Gugu Mbatha-Raw (Rachel), Christopher Berry (Jasper), Sean Bridgers (Will), Bill Tangradi (Tenente Barbour) e outros nomes já bastante conhecidos compõem o elenco orquestrado por Gary Ross com muito zelo.

O que você coloca no chão, você coloca e colhe, ninguém deve tirar isso de você

Por falar em direção, este é outro grande aspecto do longa-metragem. Ajuda o fato de que a adaptação do roteiro também é do diretor, que conhece cada aspecto da história que vai contar. A escolha de traçar um paralelo com alguns fatos do presente gera uma quebra interessante na cronologia e andamento dos fatos, mas apenas o suficiente para despertar a curiosidade do público, sem tornar a linearidade confusa.

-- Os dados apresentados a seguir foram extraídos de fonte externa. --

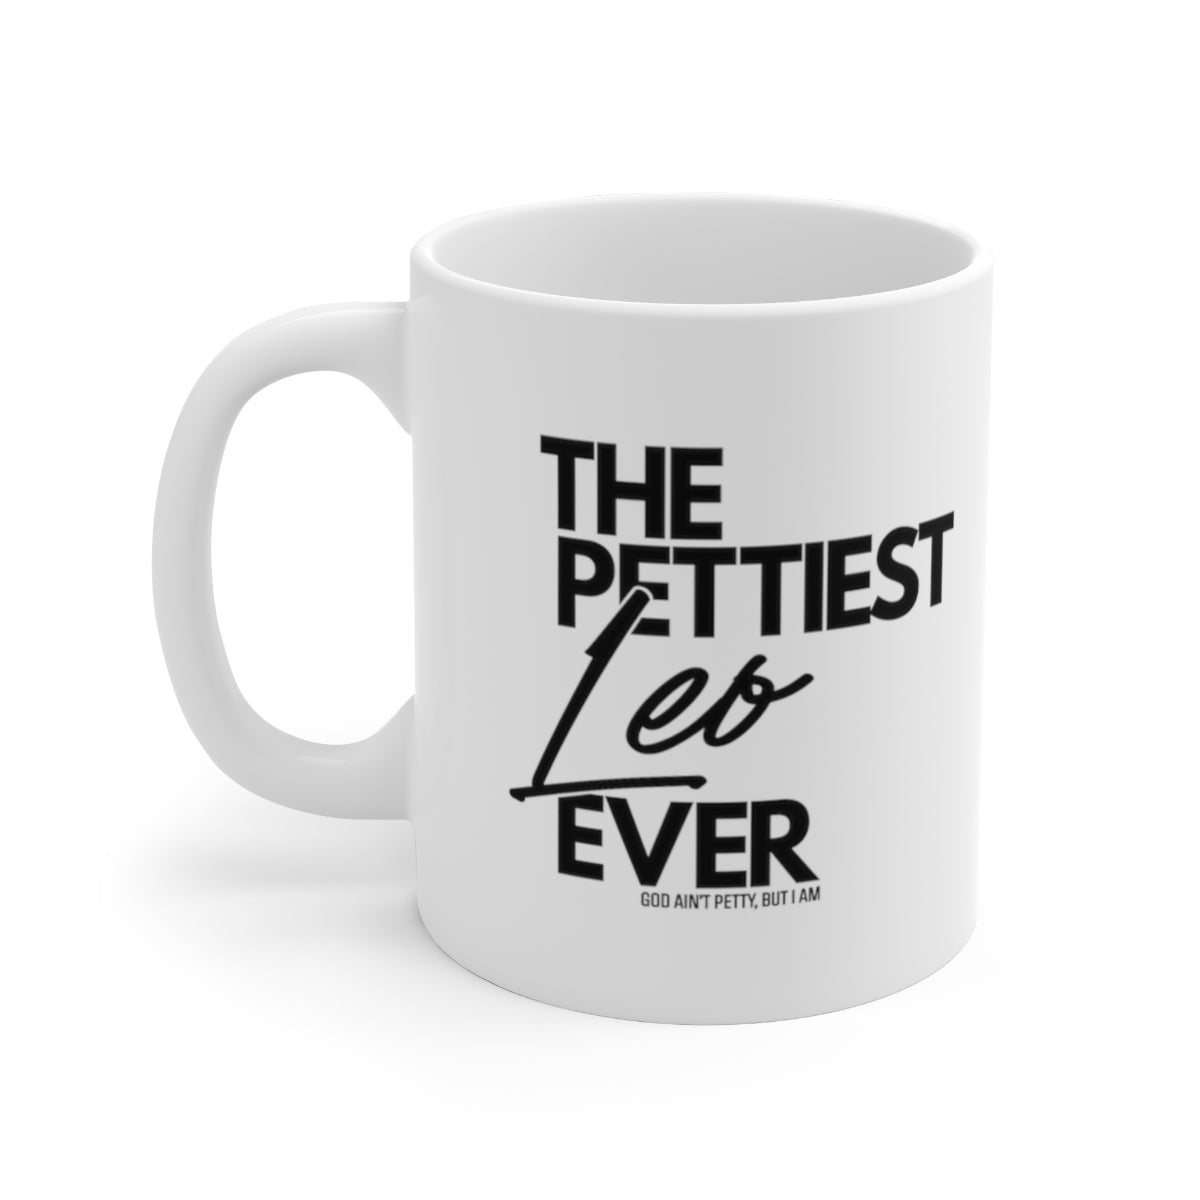 The Pettiest Leo Ever Mug 11oz (White/Black)-Mug-The Original God Ain't Petty But I Am

O que ele também usa a seu favor nesse sentido é a trilha sonora. Assinada pelo jovem Nicholas Britell (que já tem no currículo participação em sons para filmes como “12 Anos de Escravidão”, “Moonlight” e “Whiplash”), ao lado de Tim Fain e Caitlin Sullivan, ela é composta principalmente por canções originais que nos transportam diretamente para o centro da Guerra Civil. E Britell fez a gentileza de compartilhar as músicas no Spotify, então você pode dar o play aqui antes de continuar lendo a crítica!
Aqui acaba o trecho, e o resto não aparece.